Personally, I find bouncing ideas off of other people very helpful in such situations. I tend to sometimes get tunnel-vision and concentrate on a particular approach and forget to look at alternatives. So being able to discuss things with others is very helpful for me.

If anybody is interested, let me know and I’ll set up a separate topic for each new paper so that the discussions are in one place and can be useful/helpful for other people too in the future (or present, for that matter …) :slight_smile:

Update: This thread was initially used to float the idea of working together on papers but then became the thread for working together on the first paper — DiffEdit ([2210.11427] DiffEdit: Diffusion-based semantic image editing with mask guidance) Adding the link to the original paper here so that it’s less confusing …


This seems like a great idea; I’d be interested!

Great! I guess we’ll get started and we can update how we work together as we go along as more people join and perhaps the way we work needs to be changed …

Are you working on the DiffEdit paper? I have my initial work on GitHub here:

If you are working on that paper, how would you like to proceed? For example, we can post our individual work and/or thinking and discuss approaches, or we can go over points where we are stumped so that we can talk it out, or we can simply try to work out the solution by discussion. I guess it depends on individual preferences and so I’m trying to get a feel as to what would be most useful/helpful …

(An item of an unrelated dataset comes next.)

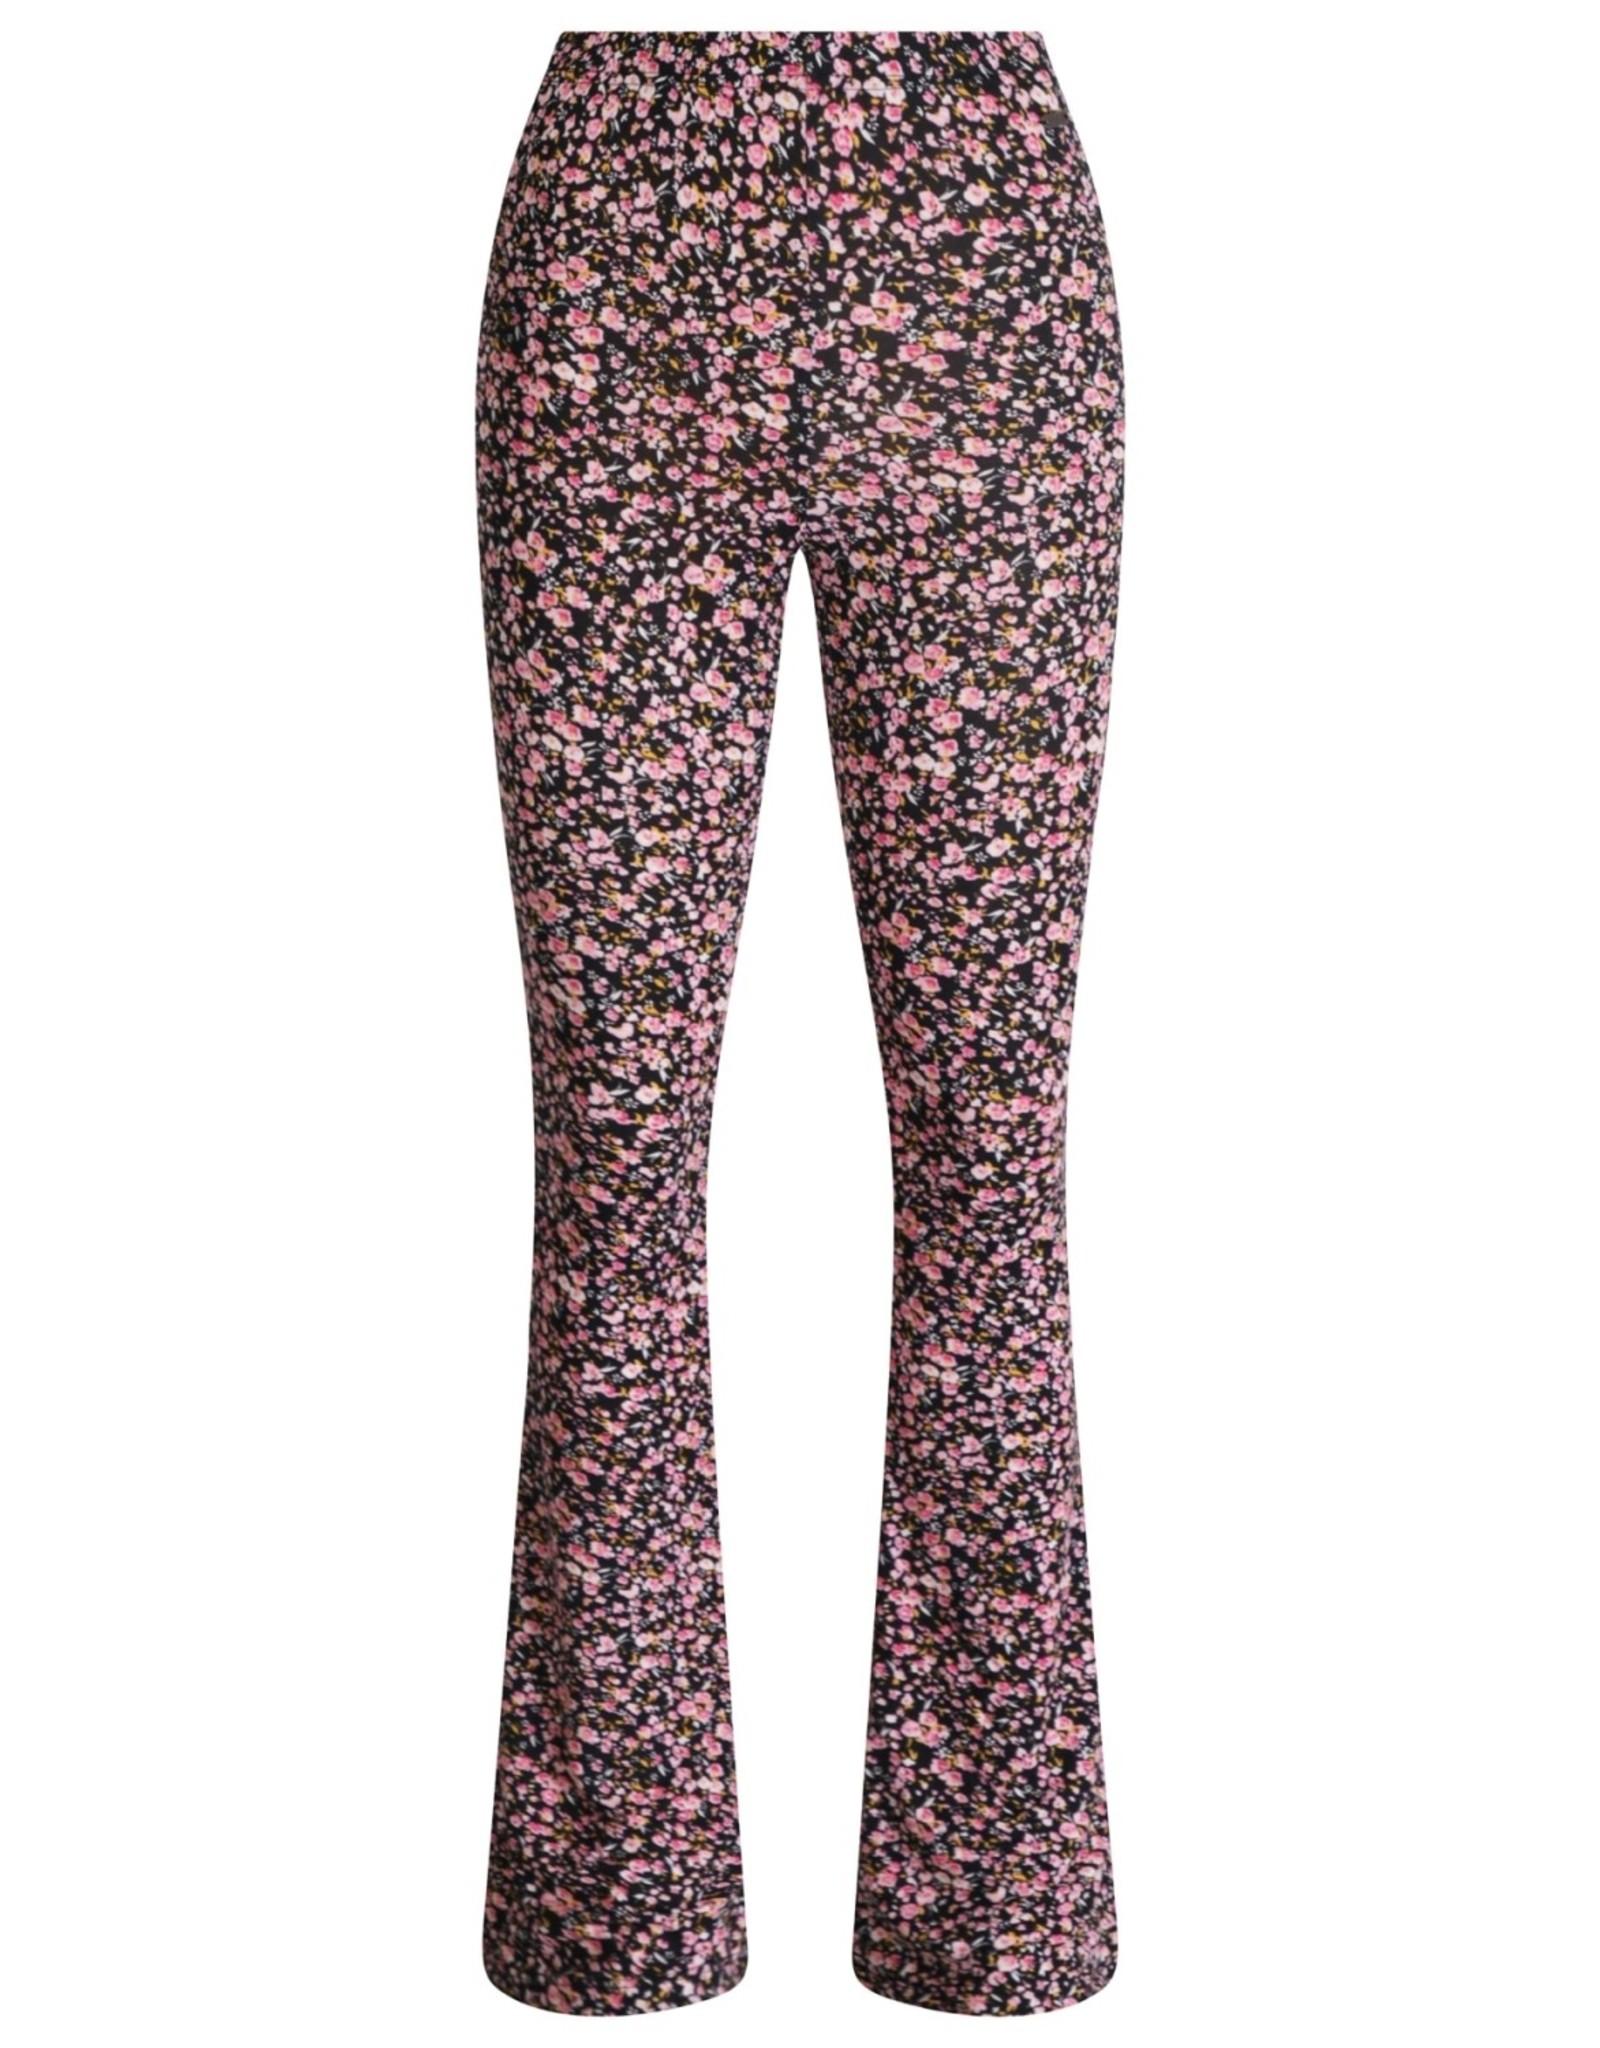 Ladybugs Elin soft flared pants ambika PINK FLOWERS

I’m up for any approach as long as it’s of help to someone :slight_smile:

1 Like

I started to just go through the different parts of the paper in a notebook, by copying the stuff from the paper to a notebook, in the order described by Accoding to Andrew Ng

You should not read a paper from start to finish, but do it in several passes, focusing on the parts that will give you an idea of what the paper is about.

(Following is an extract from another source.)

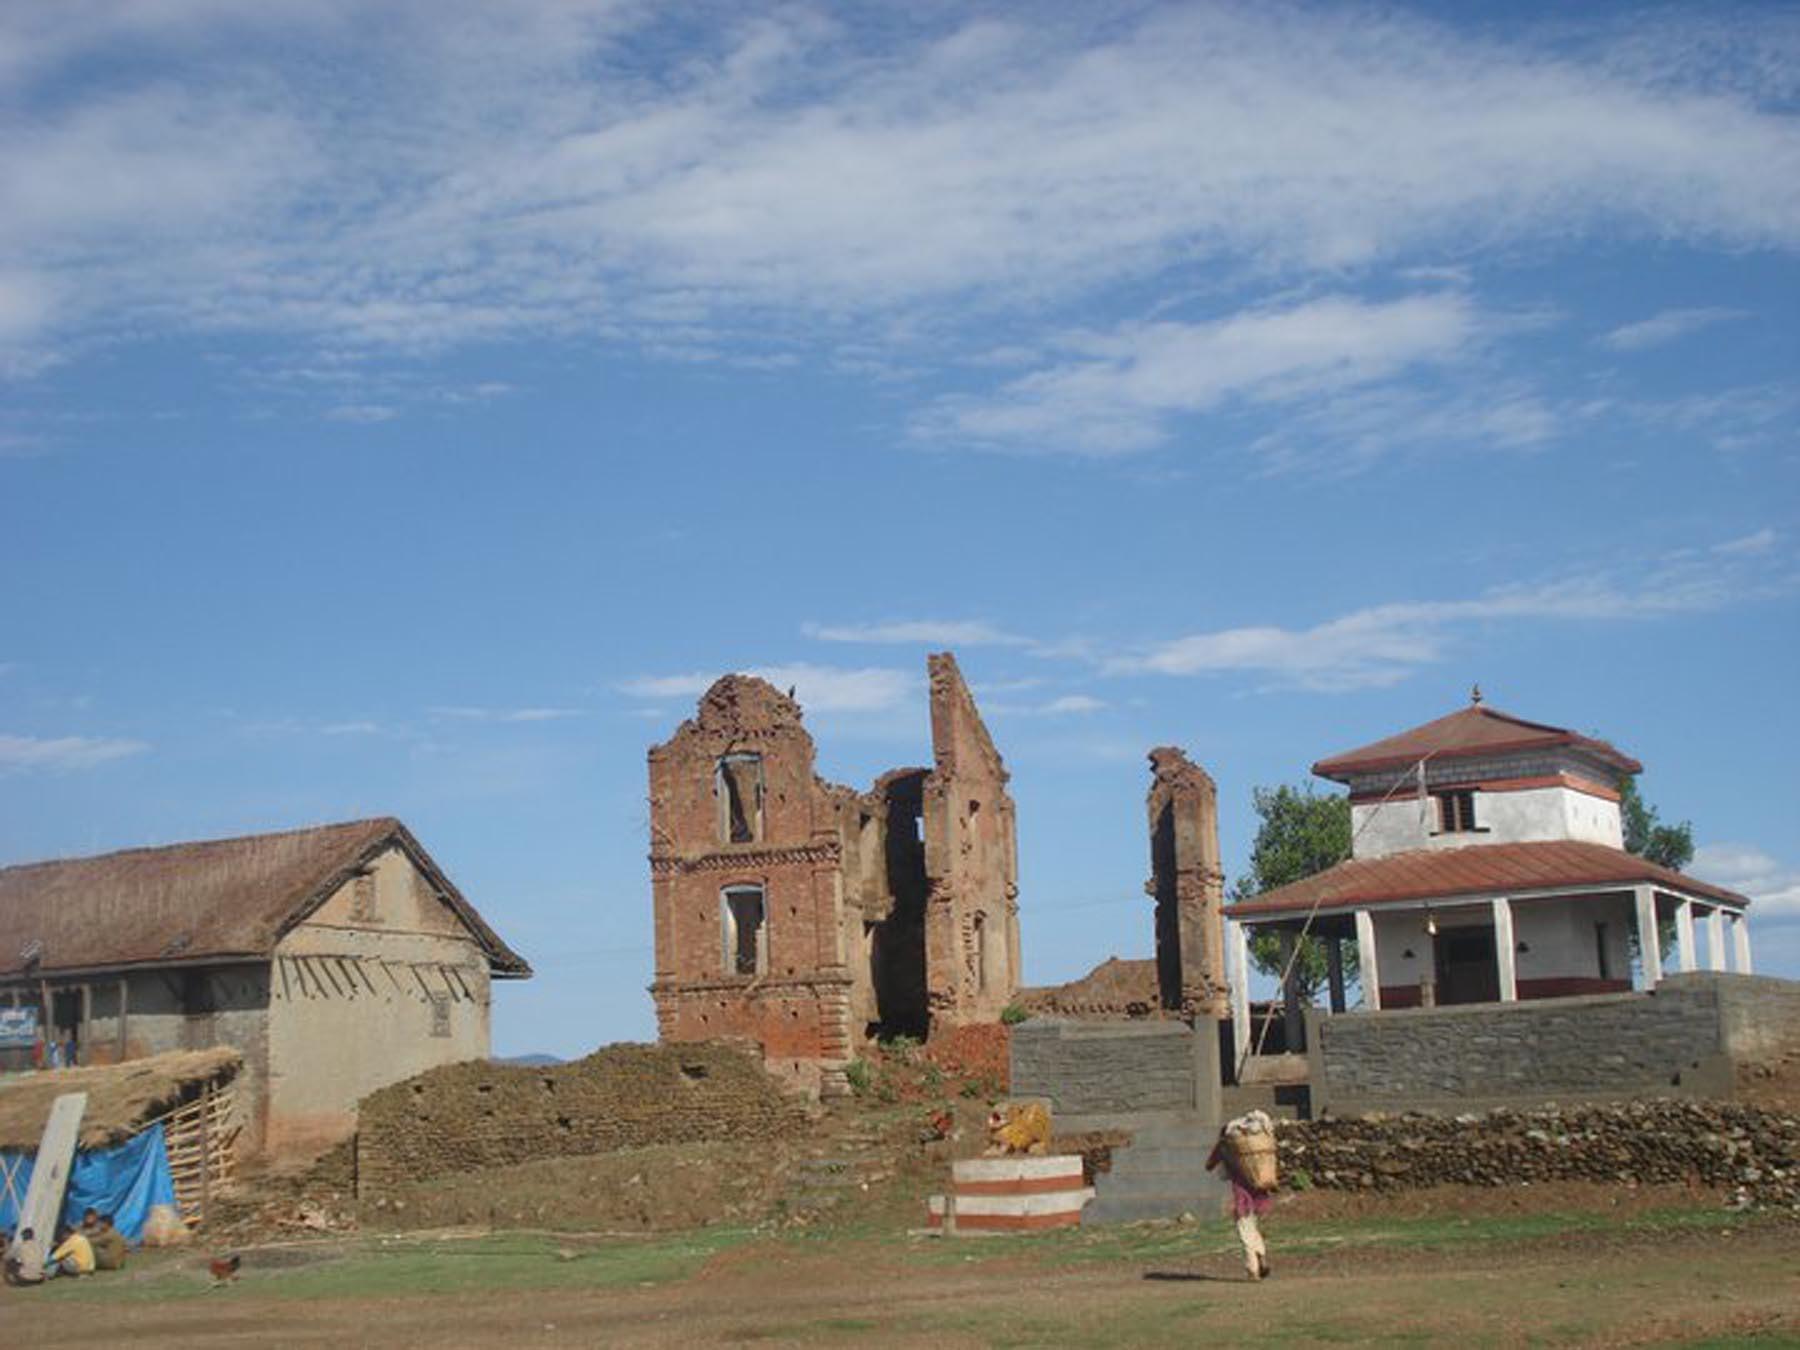 सिंजा राज्यको हिउँदे राजधानी, पर्यटनमा फड्को मार्दै

  1. Title, Abstract, Figures
  2. Intro, Conclusion, Figures again, Skim the rest

That is where i am at the moment, i have made an initial pass through of the paper, and will then start adding code at some stage.

Here is link to Github and Colab the github preview lacks “highlights”

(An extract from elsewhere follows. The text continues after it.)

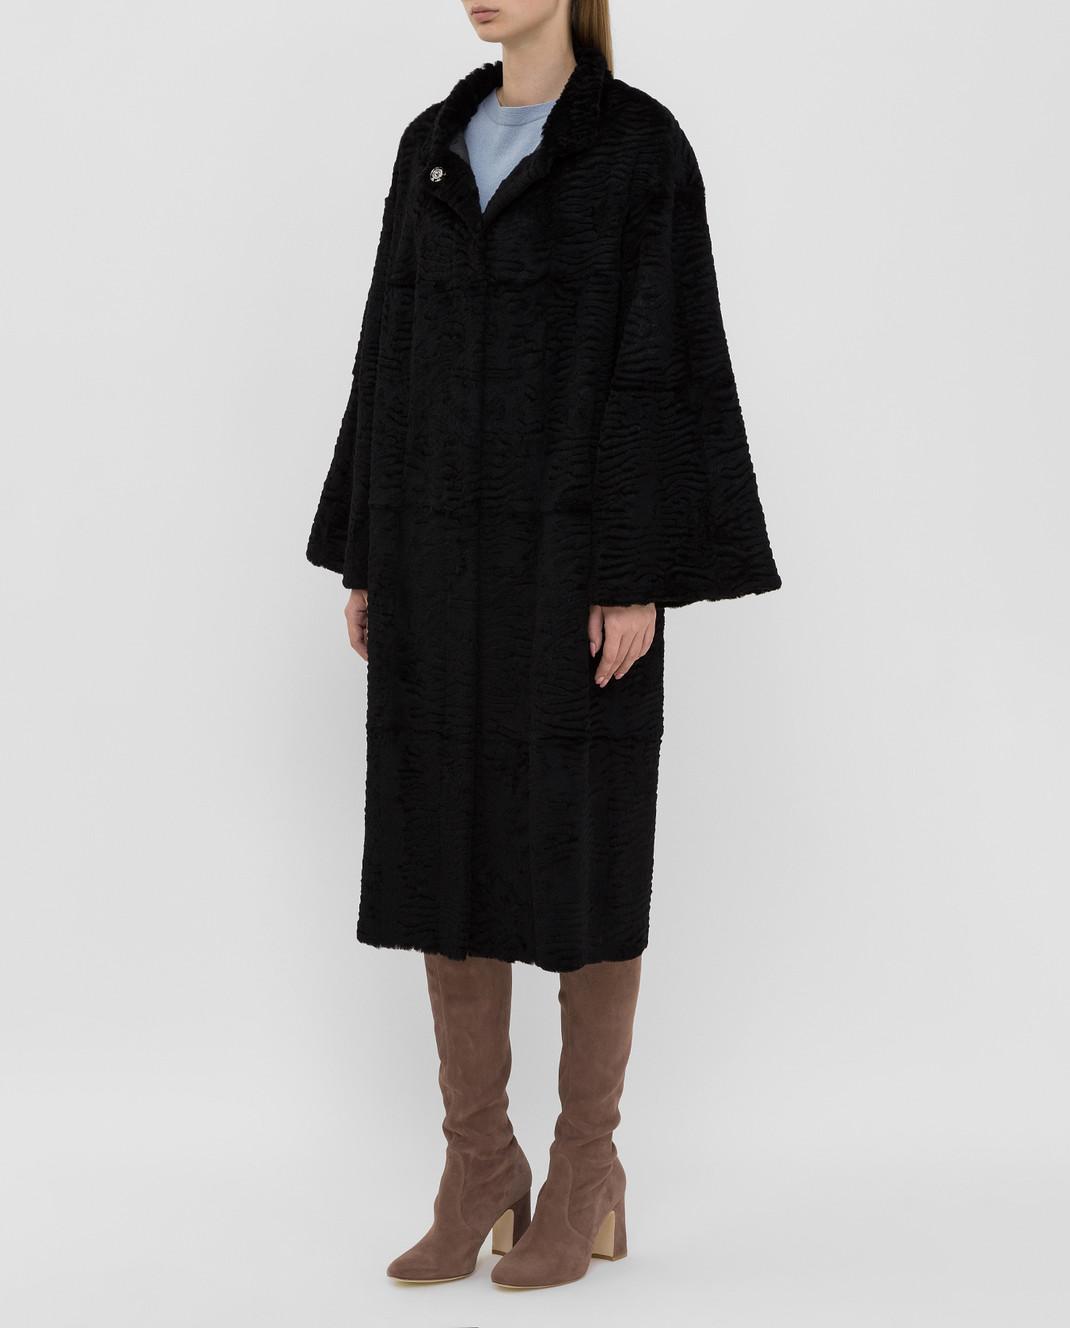 Giuliana Teso Черное пальто из меха кролика изображение 3

It’s interesting to see other workflows — thank you for sharing :slight_smile: I tend to just dive in with the code but it’s good to be reminded that it might be better to start with an overview like you did.

I’ve been considering how we could structure several of us working together on a given paper, and after seeing your notebook I think this might be the way. We each share our notebooks and then we can easily point to a particular bit and say “This is what I’m wondering about”, or “This is where I’m stuck and what do you think?” etc.

What do you (and others) think about that? After I suggested this, I wasn’t sure how we could go forward since I assume working asynchronously is the most convenient for everybody. So, while we can have a discussion if somebody brings up a point, I wasn’t sure how else we could make it more … interactive/participatory?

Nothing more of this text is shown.